J'ai entretenu, avec une des deux soeurs plus jeunes de ma mère, une relation singulière et privilégiée. Surtout à la fin de sa vie. A l'époque où elle était devenue solitaire, et malade, gardant toutefois des liens d'amitié forts et rares.
Je me rappelle, quand j'étais un tout petit garçon, dans les années 50, des photos qu'elle et son mari avaient rapportées d'Algérie, où ils vivaient, à Tamanrasset. Du soleil sur le massif du Hoggar. On la jugeait atypique et les bien-pensants de l'époque la considéraient comme un être perdu et peu recommandable.
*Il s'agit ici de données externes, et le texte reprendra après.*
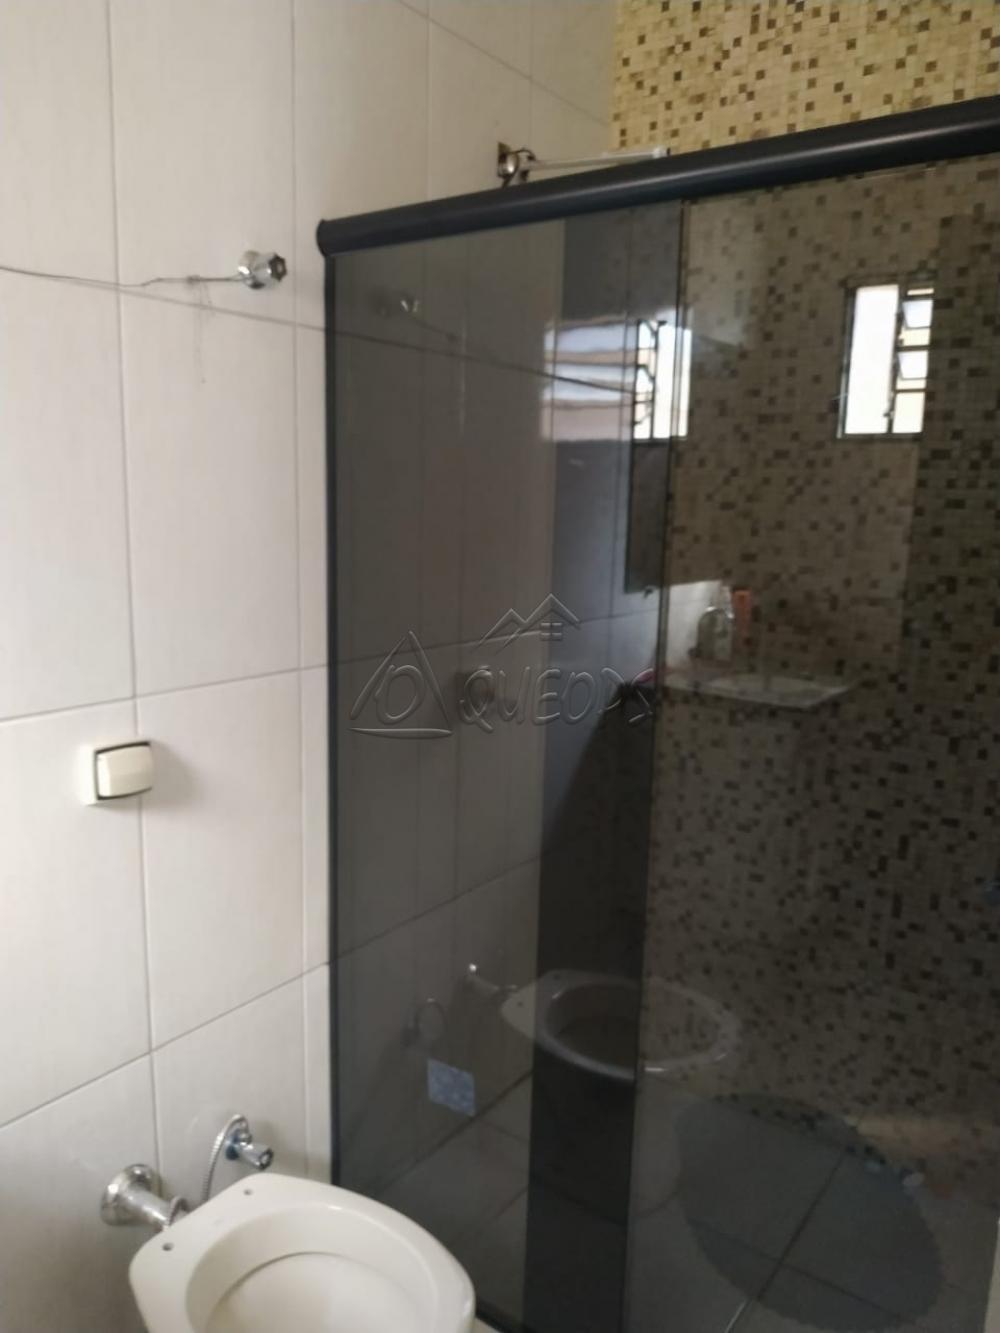 Comprar Casa / Padrão em Barretos apenas R$ 280.000,00 - Foto 13

Plus tard, je me rappelle avoir logé dans le minuscule mazot qu'elle possédait aux Houches (Le Crêton, route des Aillouds), mes parents avaient logé dans une auberge proche "Les sonnailles". C'était alors le bout du bout d'une route. J'y suis retourné bien des années après pour retrouver l'endroit. Des imbéciles avaient construit tout autour et le minuscule mazot avait été agrandi et englouti... Grande déception. Je me souviens de tout de ce qui y fut ma première visite: la couverture rouge, le poulet au basilic, les bougies, la porte qu'on ne fermait pas à clé.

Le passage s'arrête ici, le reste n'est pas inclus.